In het oude en klassieke Latijn had het Latijnse alfabet geen onderscheid tussen hoofdletters en kleine letters, en de letters ⟨j u w⟩ bestonden niet. In plaats van ⟨j u⟩ werden ⟨i v⟩ respectievelijk gebruikt; ⟨I v⟩ vertegenwoordigde zowel klinkers als medeklinkers. De meeste lettervormen waren vergelijkbaar met moderne hoofdletters, zoals te zien is in de inscriptie uit het colosseum dat bovenaan het artikel wordt getoond.

De spellingssystemen die worden gebruikt in Latijnse woordenboeken en moderne edities van Latijnse teksten, gebruiken echter normaal gesproken ⟨j u⟩ in plaats van het klassieke tijdperk ⟨i v⟩. Sommige systemen gebruiken ⟨j v⟩ voor de medeklinkergeluiden /j w/ Behalve in de combinaties ⟨gu su qu⟩ waarvoor ⟨v⟩ nooit wordt gebruikt.

Sommige opmerkingen over de mapping van Latijnse fonemen naar Engelse grafemen worden hieronder gegeven:

Aantekeningen
Latijns
grafeme
Latijns
foneem
Engelse voorbeelden
⟨C⟩, ⟨k⟩ [K] Altijd als k in lucht (/skaɪ/)
⟨t⟩ [t] Net zo t in blijven (/Steɪ/)
⟨s⟩ [s] Net zo s in zeggen (/seɪ/)
⟨g⟩ [ɡ] Altijd als g in goed (/ʊʊd/)
[n] Na ⟨n⟩, als ng in zingen (/sɪŋ/)
⟨n⟩ [n] Net zo n in Mens (/mæn/)
[n] Voor ⟨c⟩, ⟨x⟩ en ⟨g⟩, als ng in zingen (/sɪŋ/)
⟨L⟩ [L] Wanneer verdubbeld ⟨ll⟩ en vóór ⟨i⟩, als "Light L", [l̥] in koppeling ([l̥ɪnk]) (l exilis)[55][56]
[ɫ] In alle andere posities, zoals "Dark L", [ɫ] in schaal ([boʊɫ]) (l pinguis))
⟨Qu⟩ [Kʷ] Gelijkwaardig aan qua in scheel (/skwɪnt/)
⟨U⟩ [W] Soms aan het begin van een lettergreep, of na ⟨g⟩ en ⟨s⟩, as / w / in wijn (/waɪn/)
⟨i⟩ [j] Soms aan het begin van een lettergreep, zoals y (/j/) in tuin (/jɹd/)
[ij] "y" (/j/), tussen klinkers, wordt "i-y", wordt uitgesproken als delen van twee afzonderlijke lettergrepen, zoals in capiō (/kapiˈjo:/)
⟨x⟩ [KS] Een brief die ⟨c⟩ + ⟨s⟩ vertegenwoordigt: as x in Engels bijl (/æks/)

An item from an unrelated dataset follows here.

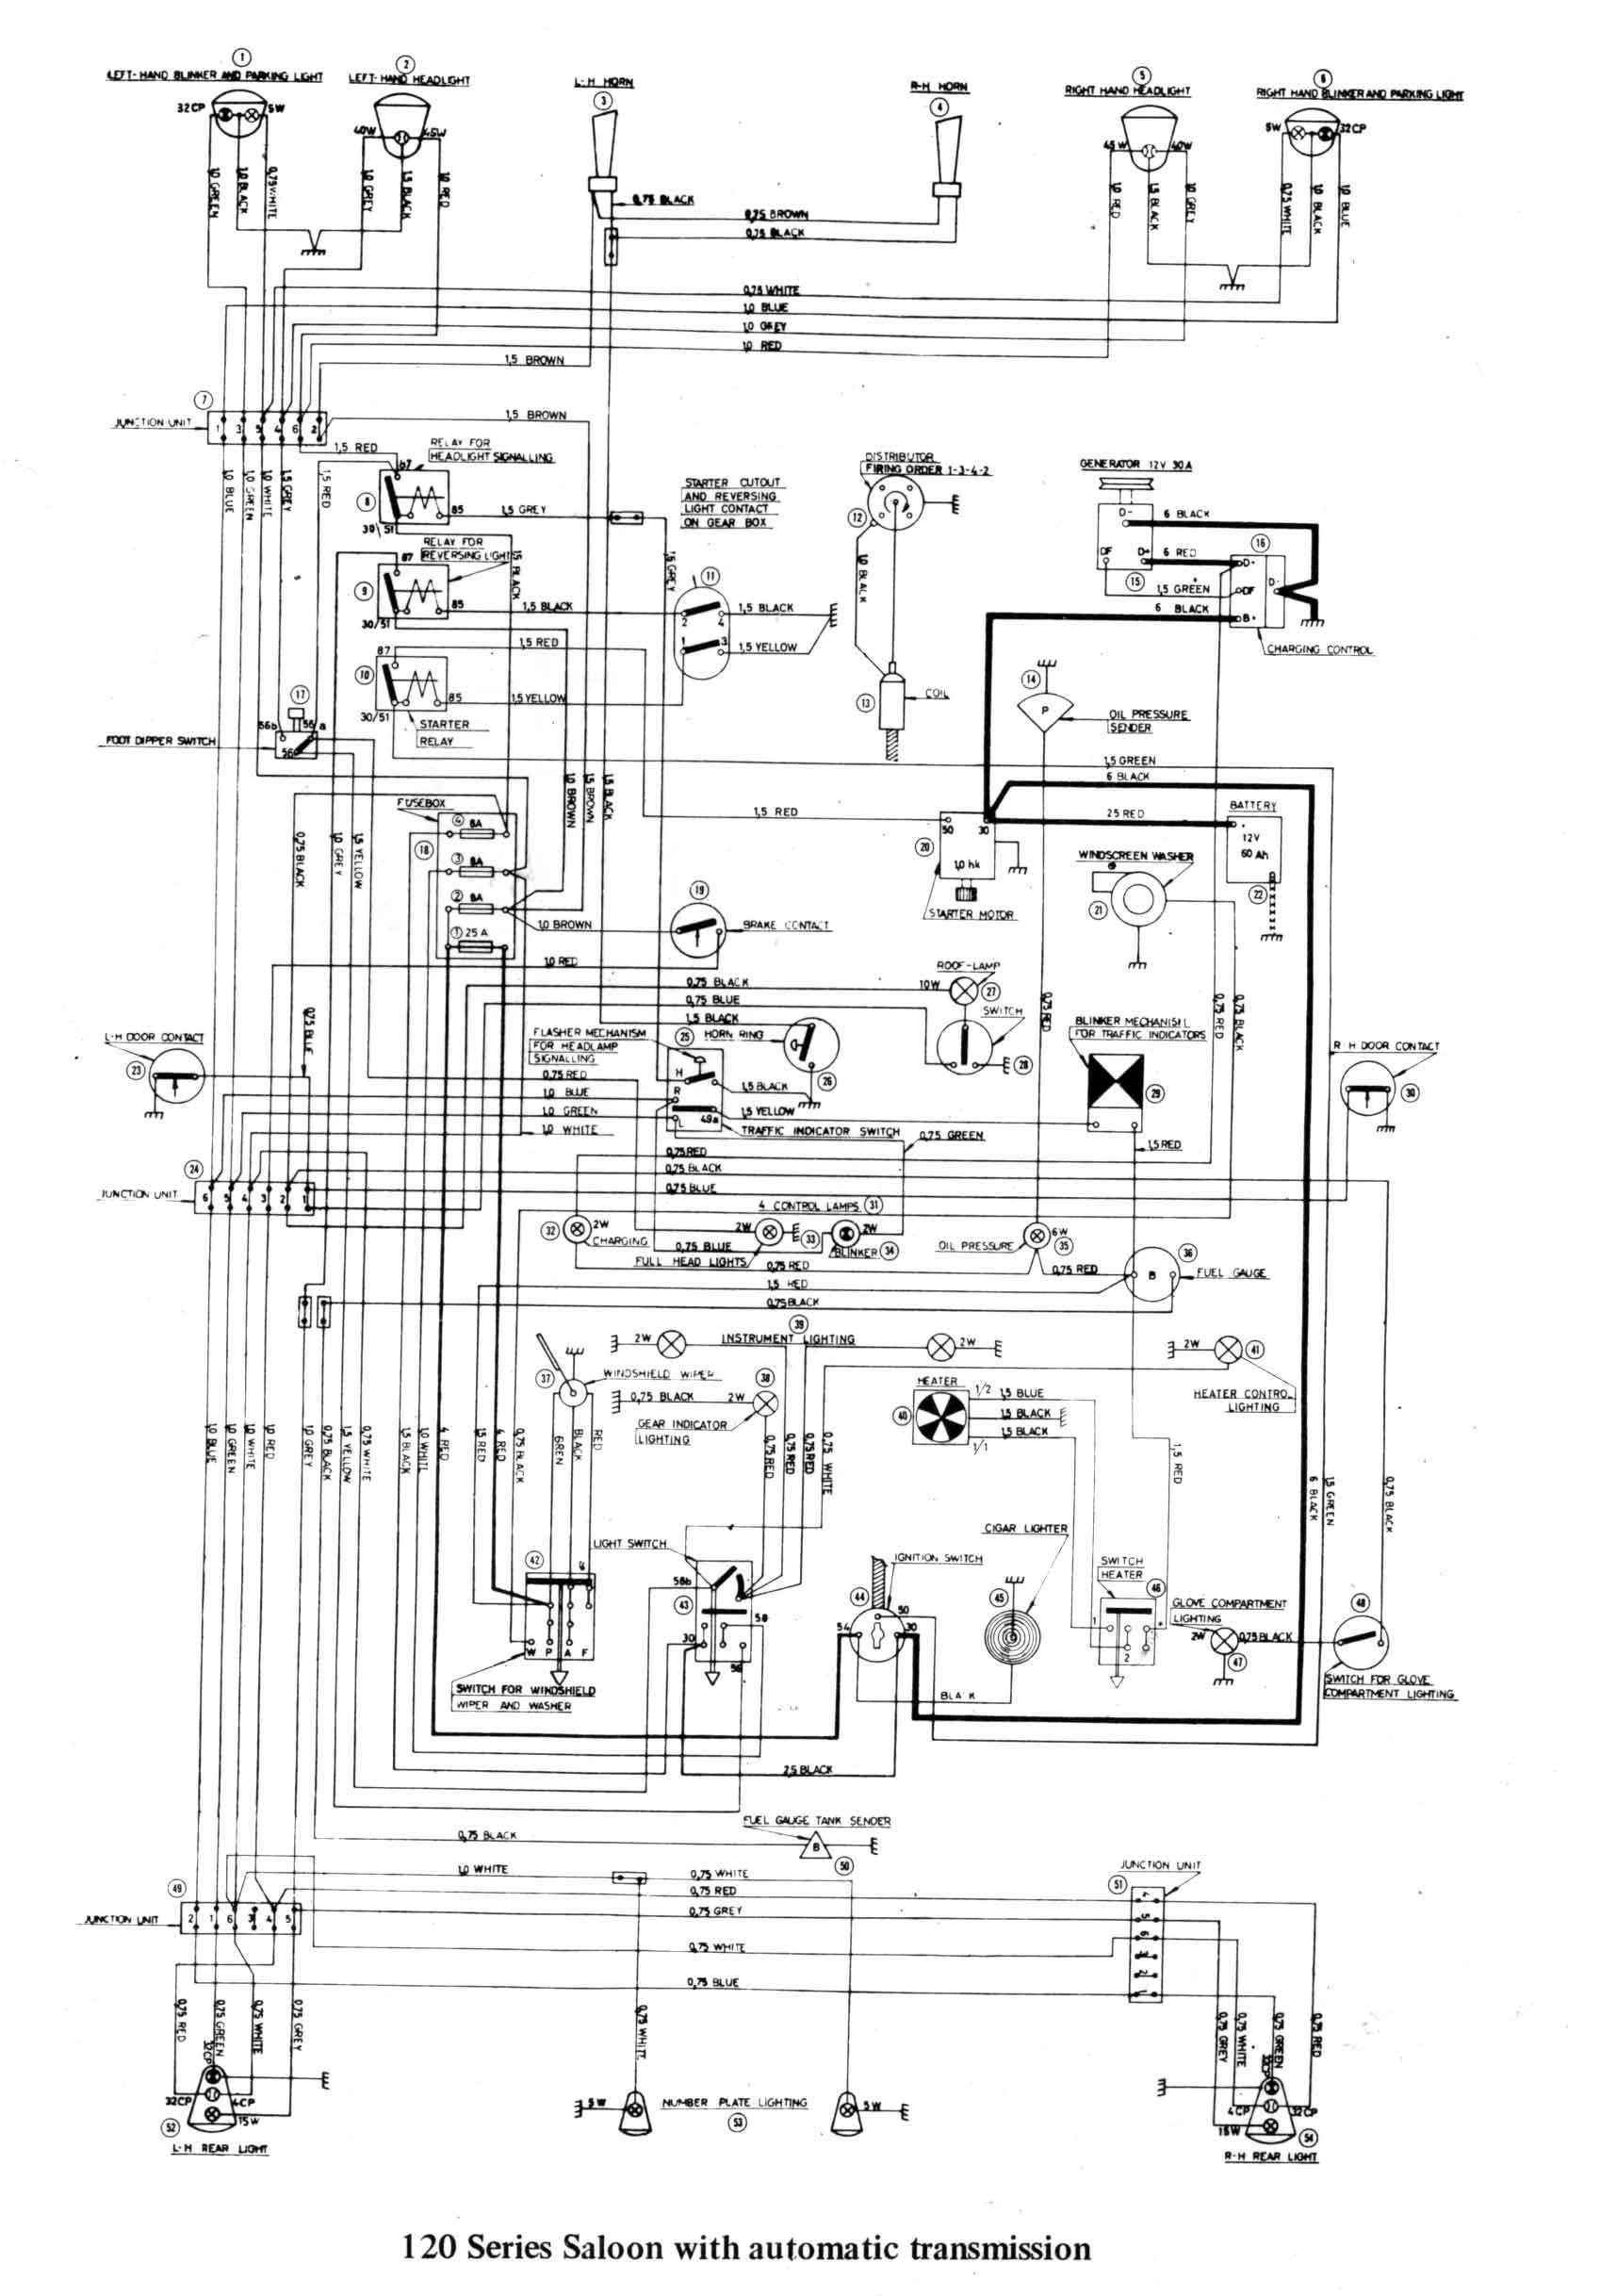 Power Wheels 12v Wiring Diagram - Wiring Diagram

In het klassieke Latijn, zoals in moderne Italiaanse, werden dubbele medeklinkers uitgesproken als lang Mendagent klinkt verschillend van korte versies van dezelfde medeklinkers. Dus de nn in het klassieke Latijn annus "Jaar" (en in het Italiaans anno) wordt uitgesproken als een verdubbeld /nn/ Zoals in het Engels naamloos. (In het Engels vindt onderscheidende medeklinkerlengte of verdubbeling alleen plaats aan de grens tussen twee woorden of morphemen, zoals in dat voorbeeld.)

Klinkers

Eenvoudige klinkers

Voorkant Centraal Rug
Dichtbij Ik ɪ ʊ Uː
Midden eː ɛ ɔ oː
Open A Aː

In het klassieke Latijn bestond ⟨u⟩ niet als een brief die verschilde van V; De schriftelijke vorm ⟨v⟩ werd gebruikt om zowel een klinker als een medeklinker weer te geven. ⟨Y⟩ werd aangenomen om te vertegenwoordigen Upsilon in leenwoorden van Grieks, maar het werd uitgesproken als ⟨u⟩ en ⟨i⟩ door sommige sprekers. Het werd ook gebruikt in native Latijnse woorden door verwarring met Griekse woorden van vergelijkbare betekenis, zoals sylva en ὕλη.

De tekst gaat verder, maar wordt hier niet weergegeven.